Что здесь происходит?
Он повернулся к Ойнаралу, своему сику, отчаянно нуждаясь в руководстве теперь, когда подневольность и принуждение покинули место сего безумного действа. Однако Владыка Лебедей уже отвлек внимание Ойнарала, возложив свои ладони на его женственные щеки и обеими руками повернув голову, как может мужчина повернуть к себе голову любимого ребенка. И хотя подобная снисходительность отталкивала младшего, глубинное чувство его одобряло жест, зная, как много подобных интимных подробностей хранит священная иерархия.
– Запомни случившееся, – шепнул Килкуликкас Ойнаралу.
Тот ответил высокому квуйя долгим взглядом, после чего, схватив Сорвила за руку, торопливо повлек его прочь от нелюдского короля и его подземного двора. Тонкая цепочка обращений последовала за ними, подчас резких и скрипучих, подчас жалобных, произнесенных тонкими голосами.
– Ку’кирриурн!
– Гангини!
– Аурили!
Имена, понял он. Они выкрикивали свои имена как приглашения.
– Не говори ничего, – пробормотал Ойнарал, подталкивая его к темному выходу. – Любые слова только разожгут их.
Недавнее колоссальное пространство сменилось низким и тесным проходом, потолок которого был испещрен сценами любви и насилия.
– Разожгут? – удивился юноша.
– Да, – без нотки тревоги ответил шедший быстрым шагом Ойнарал, взгляд его был устремлен вперед. – Особенно тех, кто погрузился в Скорбь. Тебе не следует разговаривать с моими братьями.
– Почему?
– Потому что они полюбят тебя, если сумеют.

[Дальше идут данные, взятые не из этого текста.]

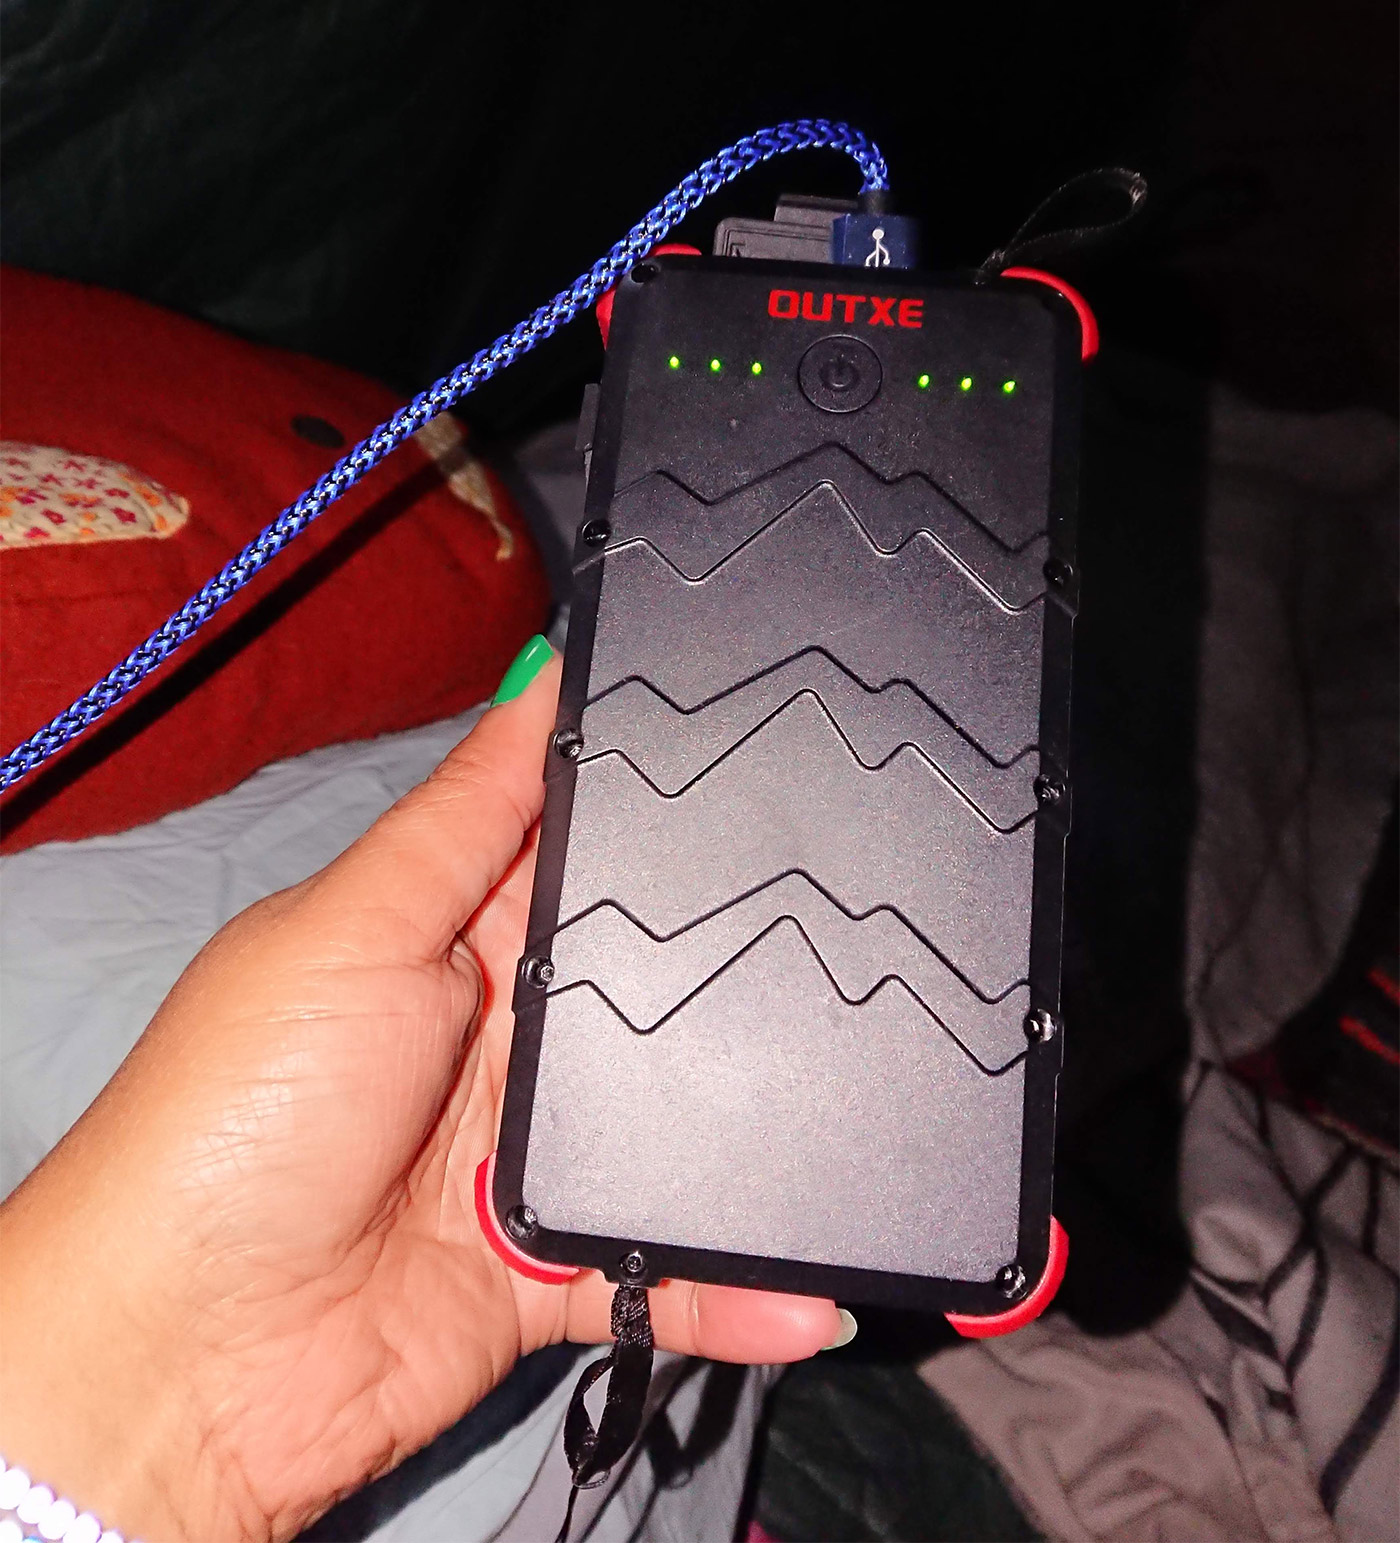 OUTEX Rugged Powerbank review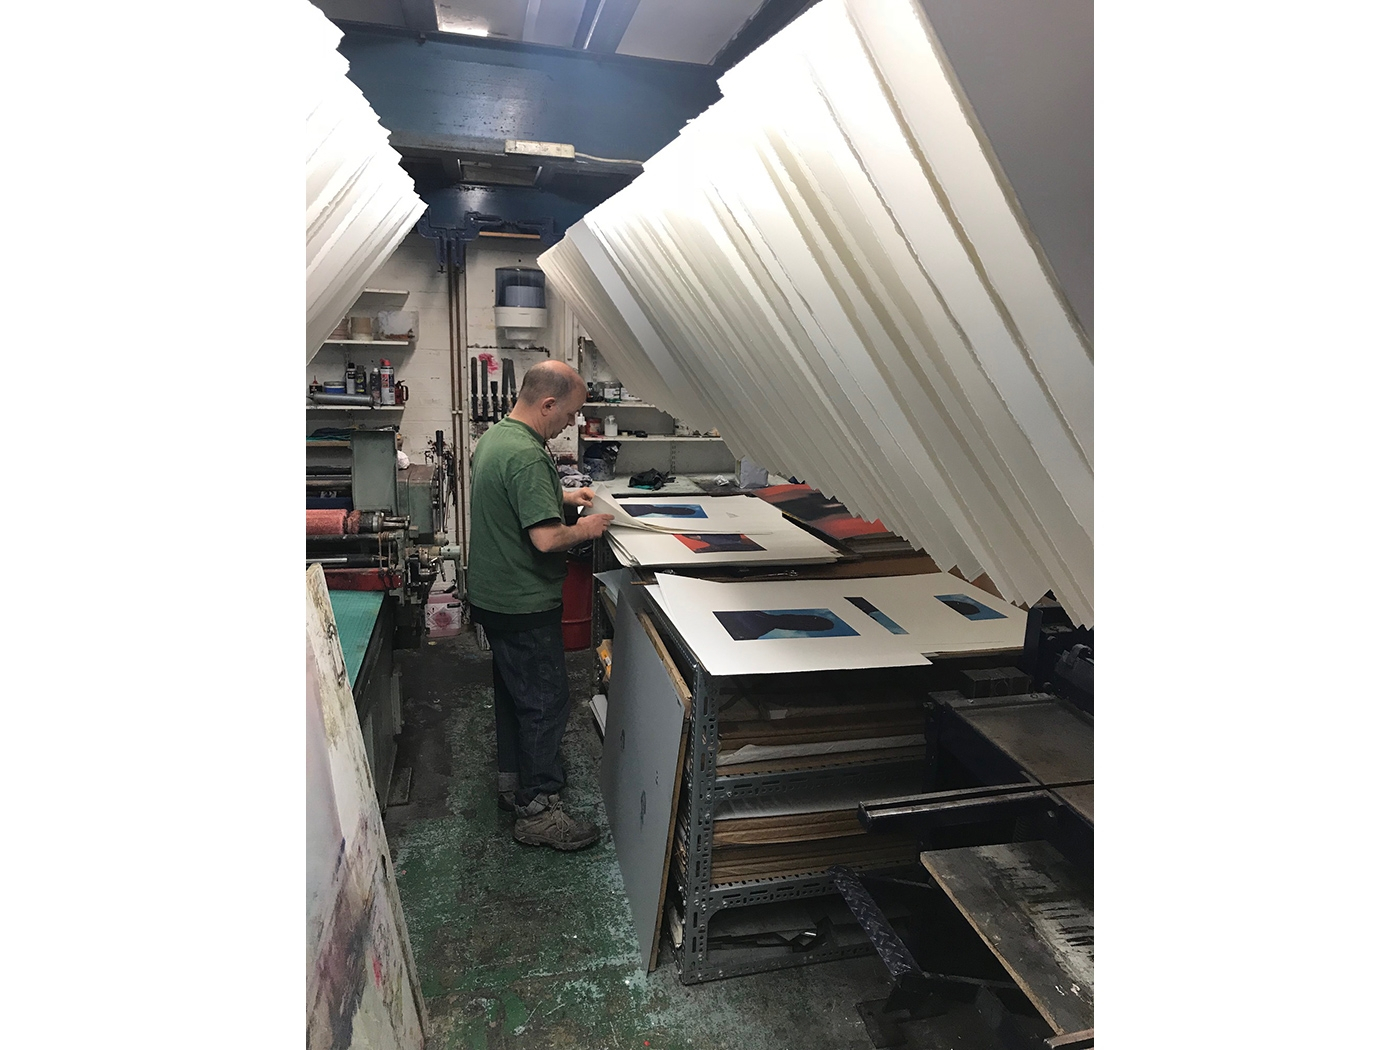 Mike Taylor inspecting each of the fine art lithographs at Pauper's Press, London.

Сорвилу представился жалкий малыш-эмвама, съежившийся у подножия Чернокованого Престола.
– Полюбят меня?
Ойнарал Последний Сын сделал еще три шага, прежде чем повернуться к нему, и посмотрел вниз, но так, чтобы не соприкоснуться с его взглядом – как делал это и король нелюдей.
– Тебе не стоит ощущать себя здесь в безопасности, сын Харвила. В объятьях Иштеребинта ты найдешь лишь безумие.
Смятение появилось во взгляде Сорвила.
– Так, значит, клятва Иштеребинта не значит ничего? – спросил он.
Ойнарал Последний Сын не ответил. Они прошли под зеркальным блеском врат Чашевидного Чертога, и Сорвил невольно пригнулся, устрашившись нависших над ним каменных плит. Врезанные в камень глазки разбегались во всех направлениях, преобразуя подземные дороги в ожерелье сумеречных миров и первобытных времен. Внутренним Светочем именовалась эта палата, и ее название после сооружения Чашевидного Чертога стало прозвищем, которым величали Ниль’гиккаса.
– Я знаю, что… – начал Сорвил и тут же смутился от звука собственного голоса.
Ойнарал вел его в сторону, противоположную той, откуда они пришли, и Сорвил каким-то образом понял, что они углубляются в недра Плачущей горы.
– Откуда я знаю то, чего знать не могу?
Ойнарал, не отвечая, шагал вперед.
Сорвил старался не отстать от него, дивясь на ходу проплывавшим над головой панелям. Триумфы и трагедии сменяли друг друга на сводах потолка: перекрывающиеся слои воспоминаний обреченного племени. Прежде сценки казались ему бессмысленными, оскорбительными, соблазнительными и скандальными. Теперь же все они взрывались узнаванием, каждая открывала времена и миры. Млеющие в непозволительных позах любовники (груди женщины обнажены) на пиру в честь праздника Чистоты. Ежегодный обмен посольствами между Ниль’гиккасом и Гин’юрсисом, великое собрание инджорских ишроев в Высоких Чертогах Мурминиля…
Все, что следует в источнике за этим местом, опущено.